In this case, when the fusible alloy is melted, the coil spring in the bent state is released from the restrained state by the fusible alloy to be in an upright state, and the electric circuit is opened.

〔Test method〕

Raise the container filled with silicone oil at a rate of 1 ° C / min,
Raise each sample to the operating temperature of the thermal fuse and keep it at a constant temperature with a temperature controller, then measure each sample at the time of charging and when melting, calculate the time required for melting and calculate the average value of three times And compared.

This is shown in FIG.

〔The invention's effect〕

In the conventional thermal fuse, when the fusible alloy melts, it separates naturally and slowly in the direction of the two opposing lead wires due to the pine resin type flux action and surface tension, so the response speed of the alloy is slow and the electric circuit is opened. The ambient temperature may rise further and damage the parts of equipment. On the other hand, in the present invention, the response speed at the time of melting of the alloy is fast, the circuit can be opened quickly by the forced operation of the coil spring at the operating point, and the organic substance such as flux is not used unlike the conventional case, so that the current interruption is prevented. It is possible to maintain stable quality for a long period of time without deterioration or aging of functions, and to obtain a product with high accuracy and reliability. Furthermore, since it does not use pine resin type flux, it has the advantage that it can be used as a high temperature temperature fuse that operates at 100 ° C or higher.

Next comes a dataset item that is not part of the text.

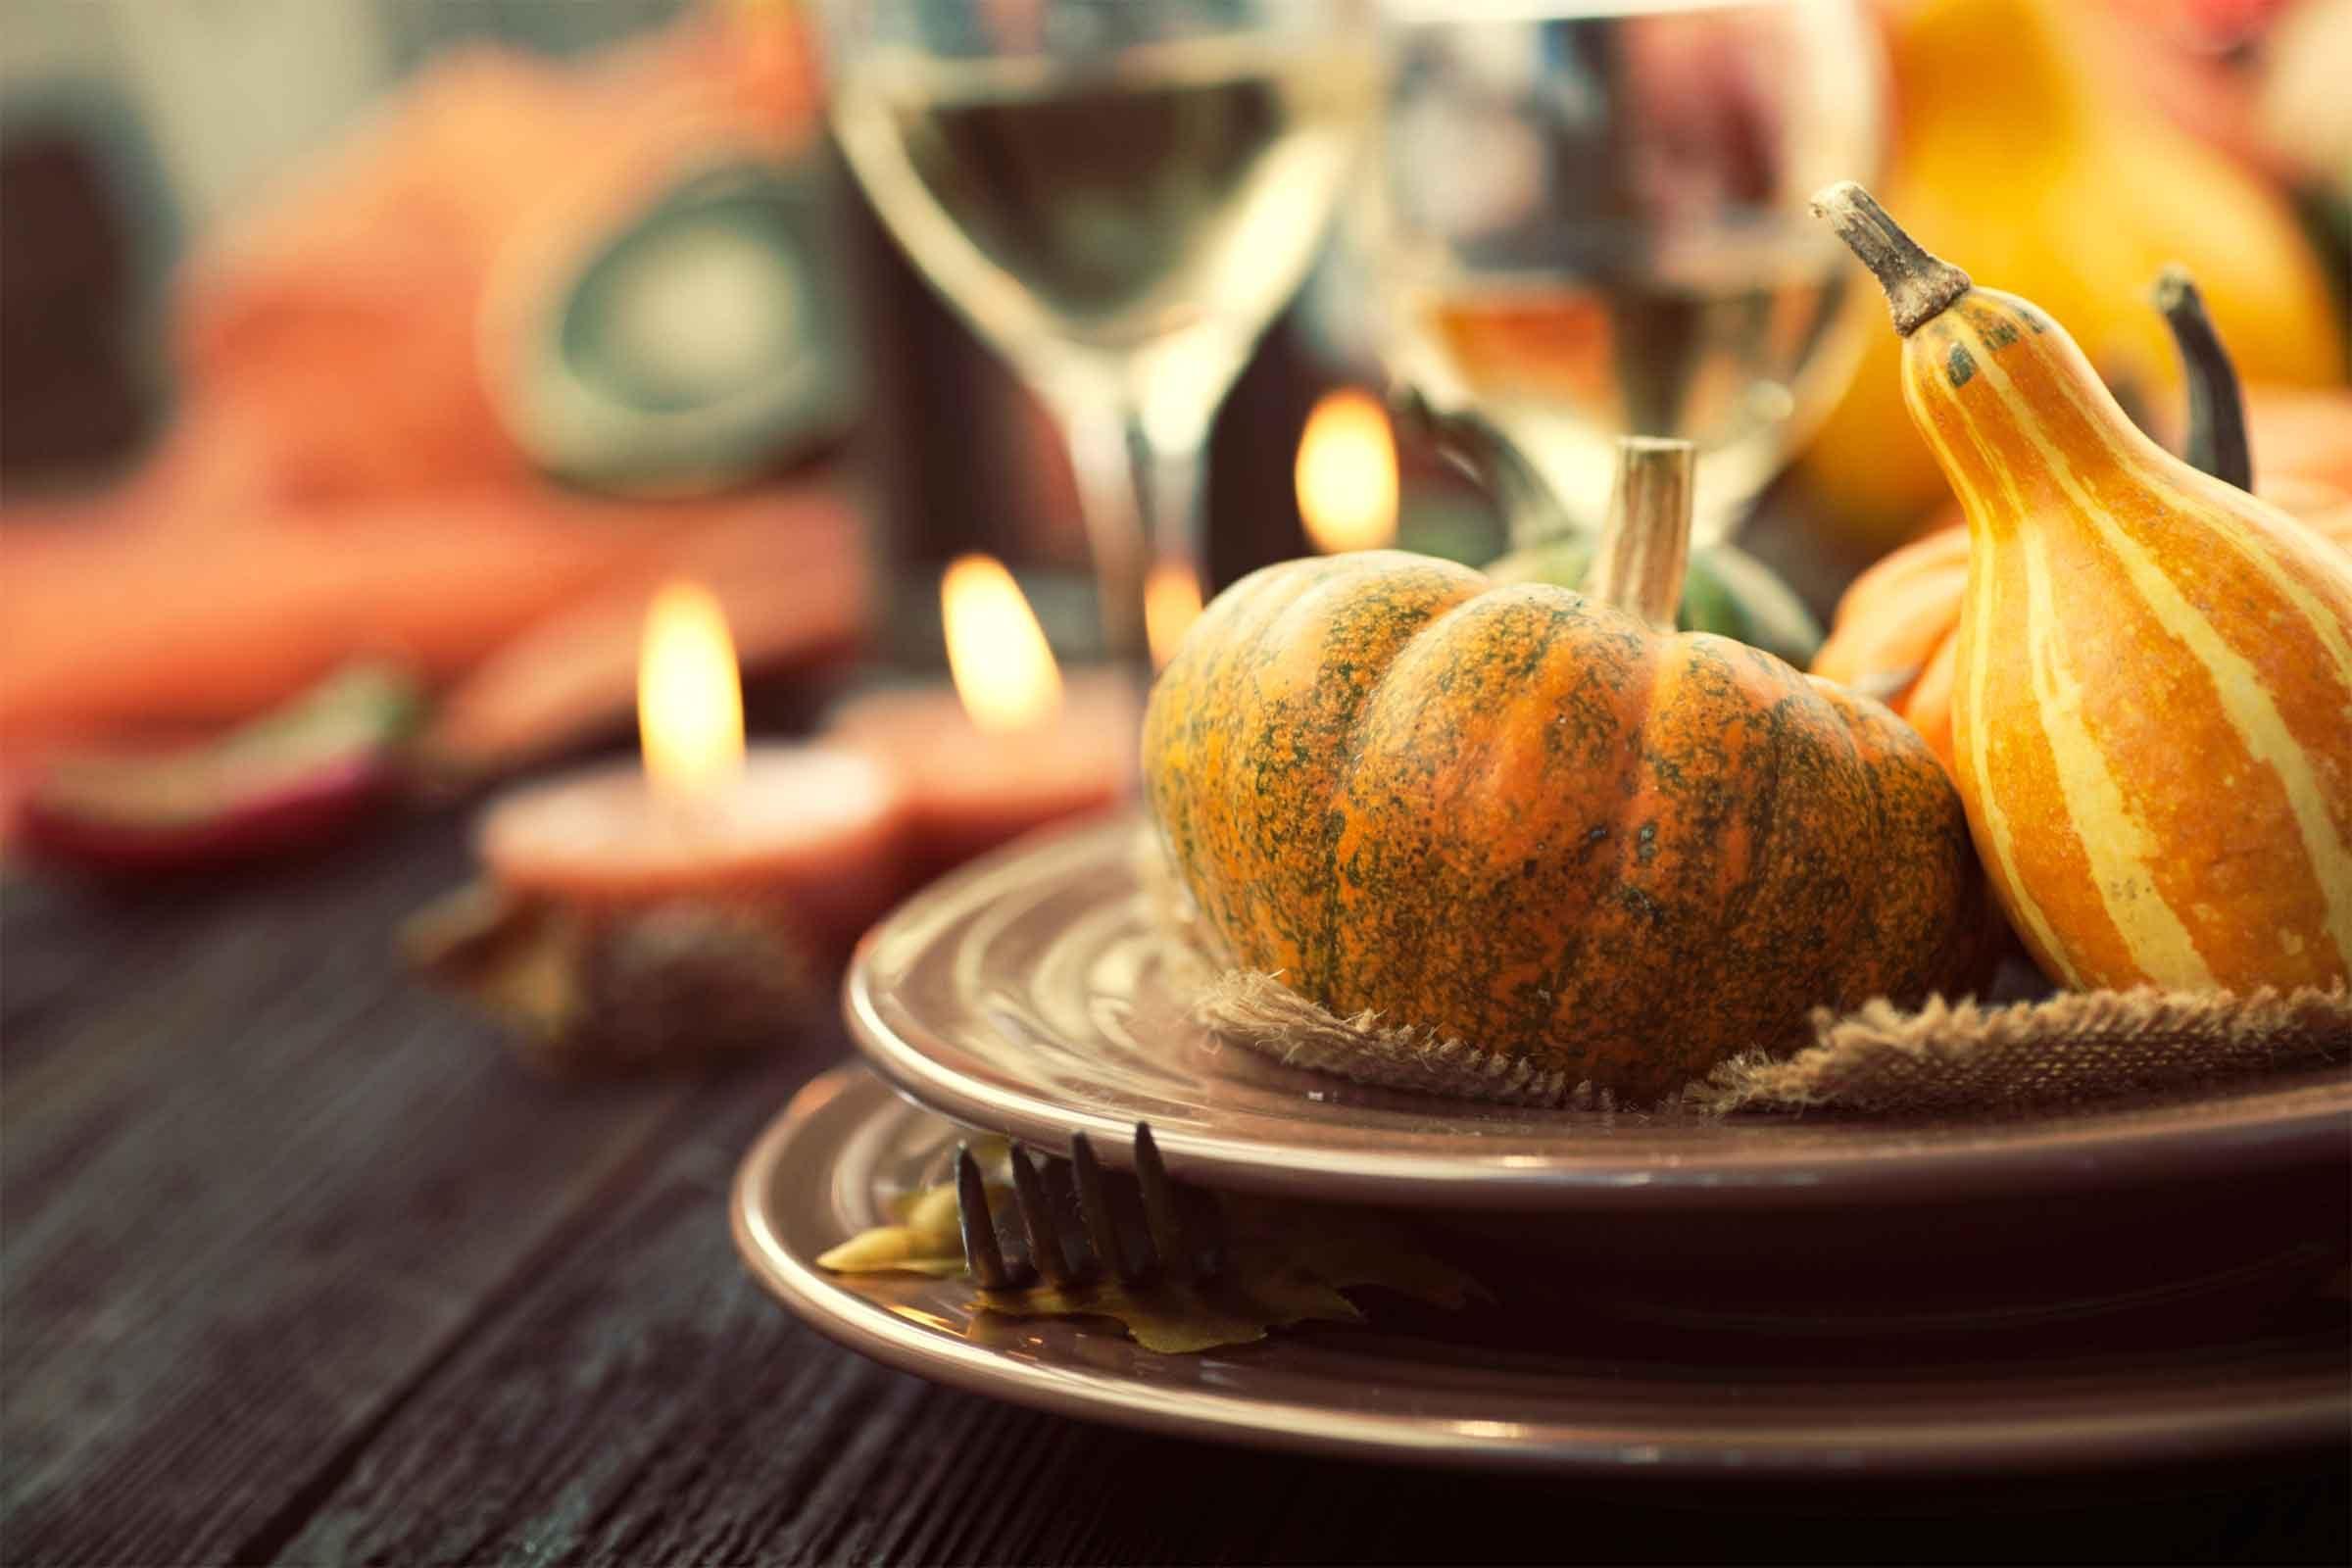 Thanksgiving Table thanksgiving table setting tips for hosts | reader's digest

[Brief description of drawings]

FIG. 1 is a sectional view of the first embodiment, FIG. 2 is an operation explanatory view, FIG. 3 is a test comparison diagram of the product of the present invention and a conventional product, and FIG.
5 is a sectional view of the third embodiment, and FIG. 6 is a sectional view of the fourth embodiment. 1, 2 are lead wires, 3 are coil springs, 4 are actuating pieces,
5 is a casing

Claims (2)

[Claims] Claim: What is claimed is: 1. A coil spring is erected between two lead wires facing each other with a predetermined separation distance from each other, and one end of the coil spring is welded or caulked, and the other end is set. It is characterized in that a fusible alloy that melts at a temperature is brazed to be integrated with both lead wires, and a working piece is formed by filling and solidifying a fusible alloy that melts at a set temperature in the expanded coil spring. Thermal fuse. 2. A coil spring is installed so as to extend between two lead wires facing each other with a predetermined separation distance from each other, and both ends of the coil spring are welded or caulked to be integrated with both lead wires. And, after the melted alloy that melts at the set temperature is filled and solidified in the expanded coil spring, the cut part of the operating piece whose central part is cut is brazed with the melted alloy that melts at the set temperature. A thermal fuse characterized by being integrated.